David Sedlak Wins 2025 Environmental Science & Technology Achievement Award

David Sedlak receives a 2025 Outstanding Achievements in Environmental Science & Technology Award from Environmental Science & Technology

“For his basic and translational research, leadership, and service to advance aquatic chemistry of contaminants of emerging concern, water reuse, and nature-based technologies for sustainable water resource management.”

“Professor David Sedlak is a global leader in environmental chemistry and engineering. His foundational basic and applied contributions have routinely examined aquatic contaminants of emerging concern, including transformation products, and treatment technologies in urban water and wastewater systems. Considering the palpable water resource scarcity issues facing many parts of the world, Prof. Sedlak’s pioneering work demonstrated decided foresight by embracing a One Water concept, which must be sustainably advanced at the global scale.

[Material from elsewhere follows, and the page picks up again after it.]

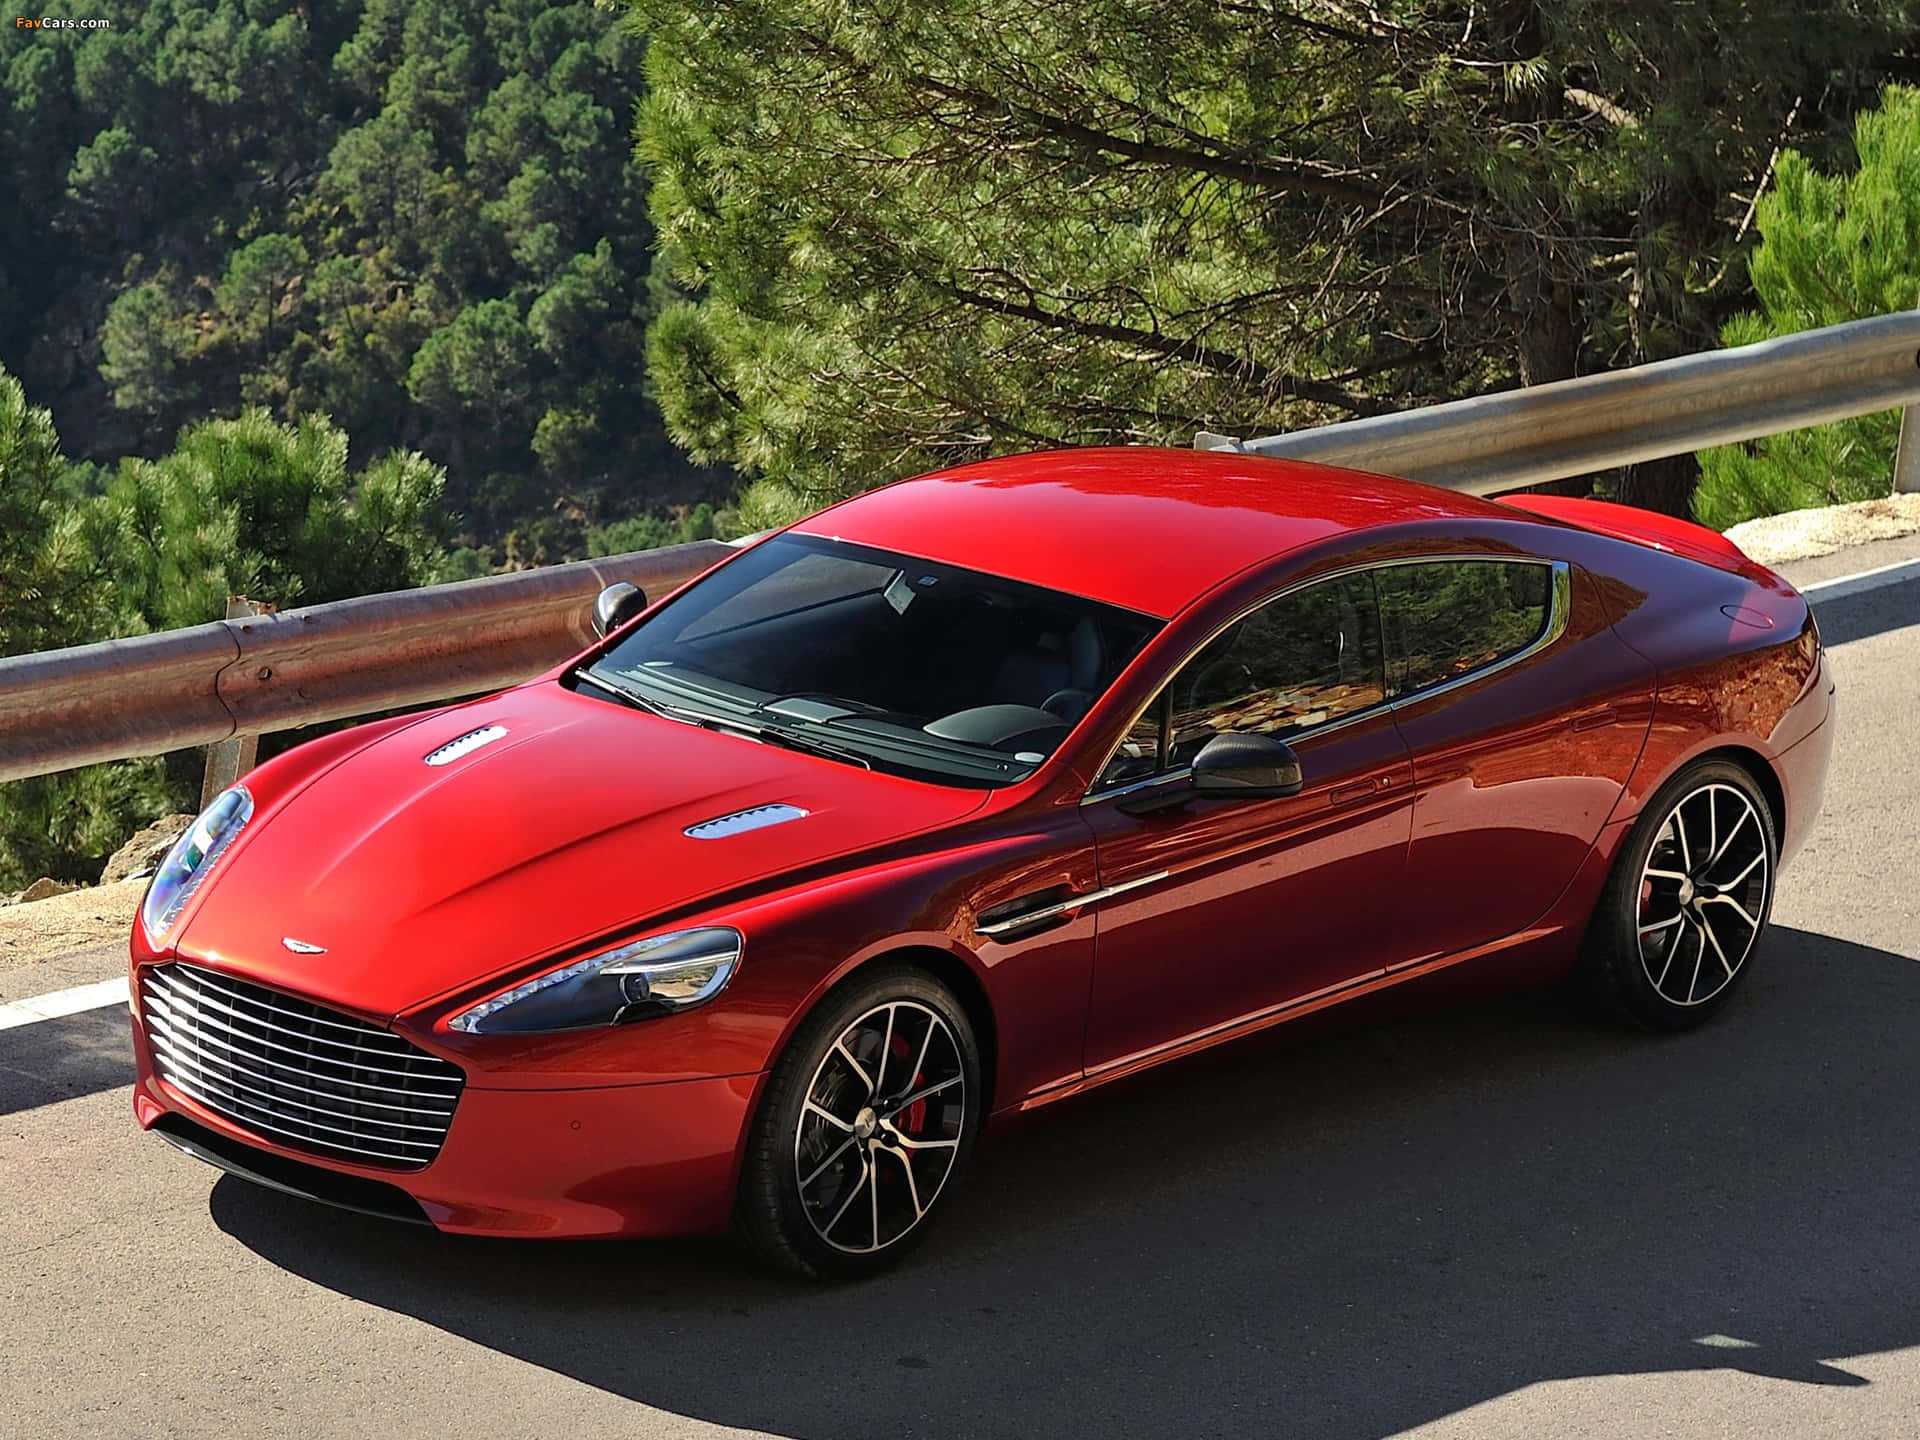 Fondode Pantalla De Aston Martin Rapide S: Una Fusión Perfecta De Potencia Y Elegancia. Fondo de pantalla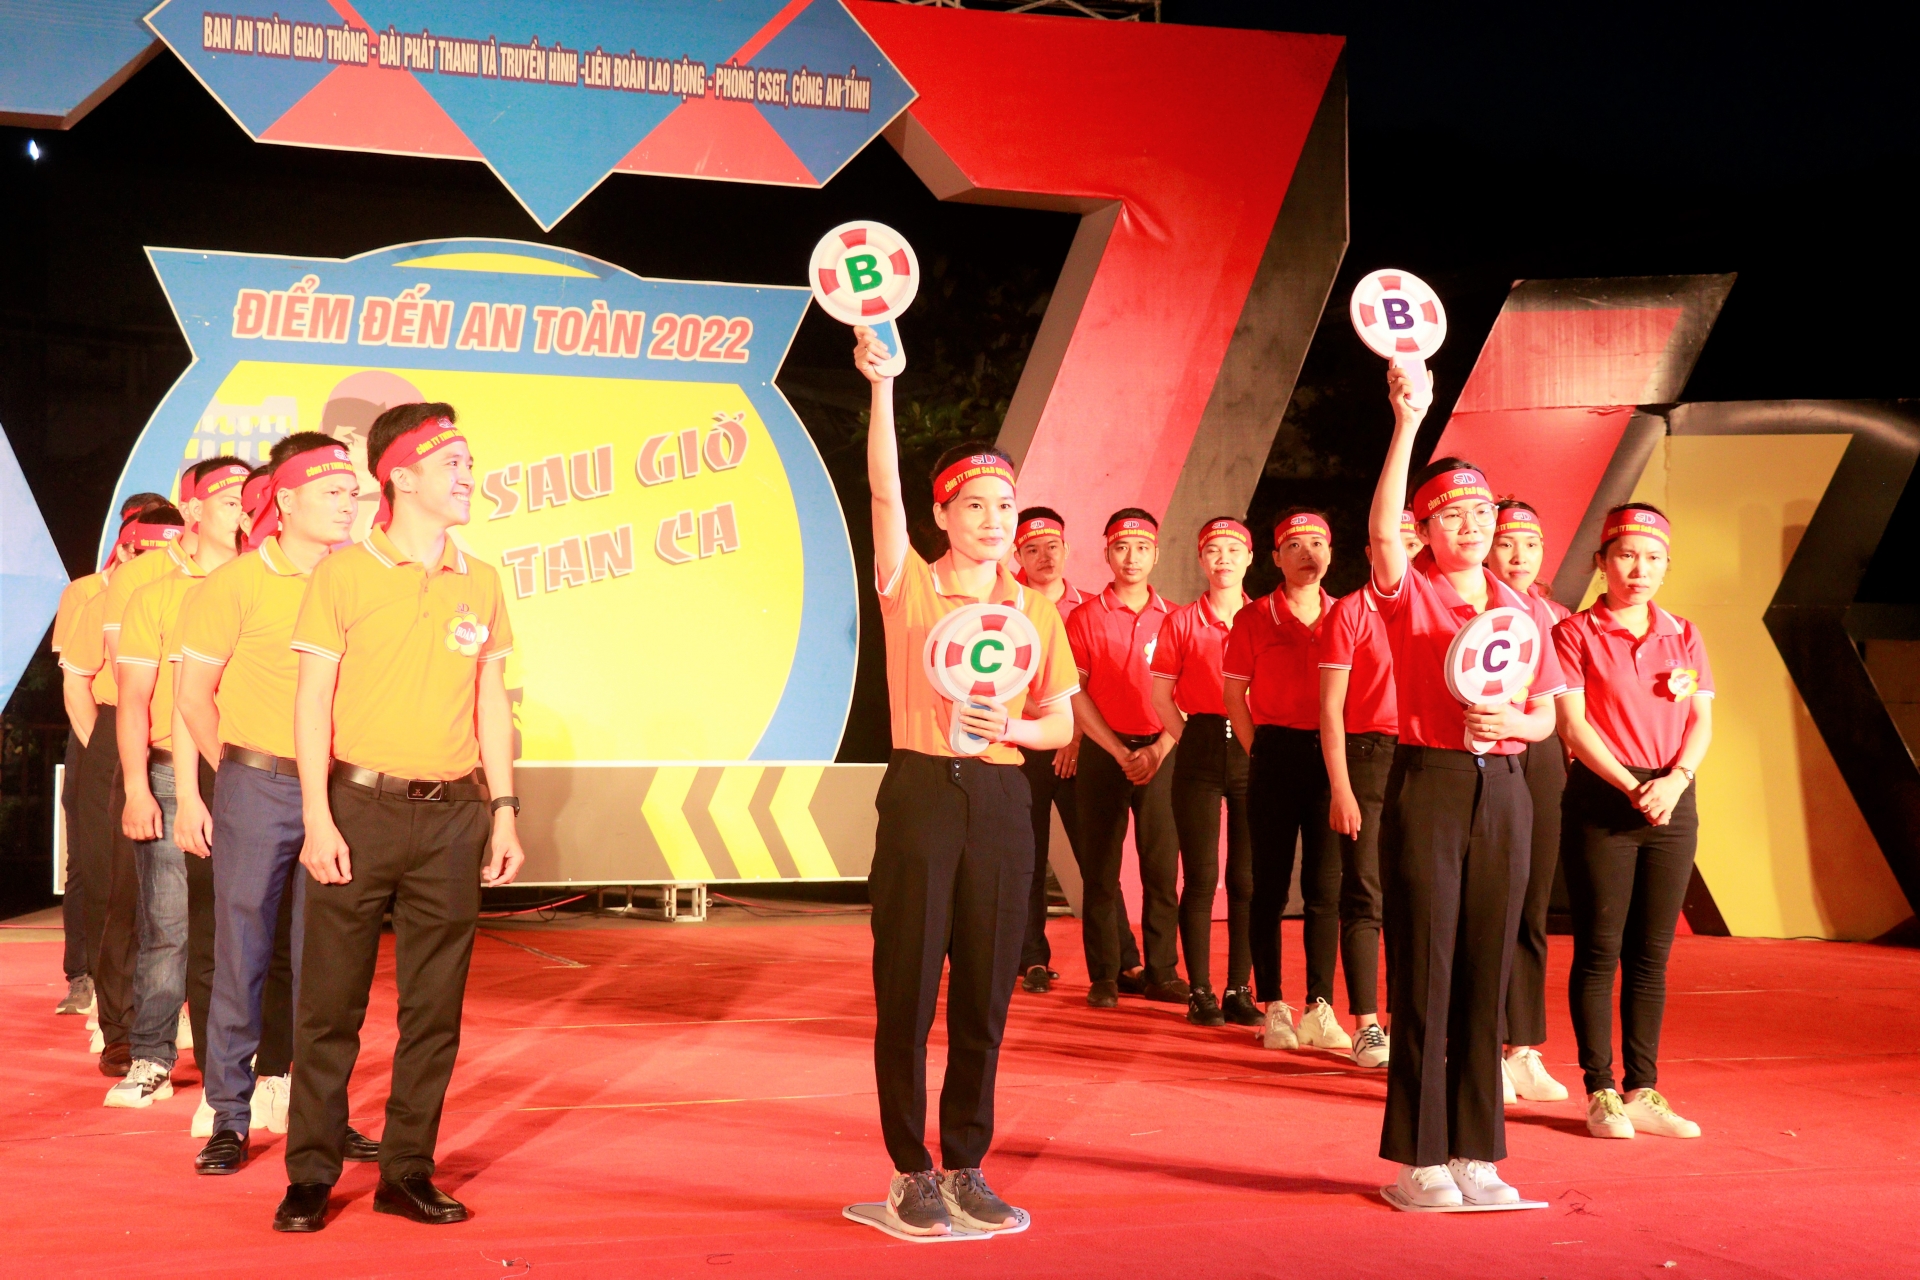 Quảng Bình: Cuộc thi Điểm đến an toàn diễn ra sôi động, bổ ích cho người lao động

His research has accelerated the scientific enterprise and improved the practice for water reuse. Within this broader context, Prof. Sedlak has made fundamentally important contributions to understanding the environmental chemistry of disinfection byproducts, particularly carcinogenic nitrosamines, which present diverse challenges for drinking water quality. His research on nature-based solutions, including constructed treatment and open water wetlands and horizontal levee systems, has similarly been important and continues to integrate within urban water infrastructure as part of a multiple-barrier approach and to treat reverse osmosis concentrates produced by potable reuse systems. To convey historic trajectories and emerging water challenges to a broad readership, Prof. Sedlak published Water 4.0: The Past, Present, and Future of the World’s Most Vital Resource (https://yalebooks.yale.edu/book/9780300212679/water-4-0/), which has also become a common resource in university classes.”

Sedlak is Leader of UCB SRP Project 4, In Situ Destruction of Halogenated Superfund Contaminants With Persulfate-Generated Radicals. He and his team have developed innovative approaches and tools to enhance ISCO. They published “Unwanted Loss of Volatile Organic Compounds (VOCs) During in Situ Chemical Oxidation Sample Preservation: Mechanisms and Solutions” in J Hazardous Materials recently (Kim et al., PMCID: 11501080).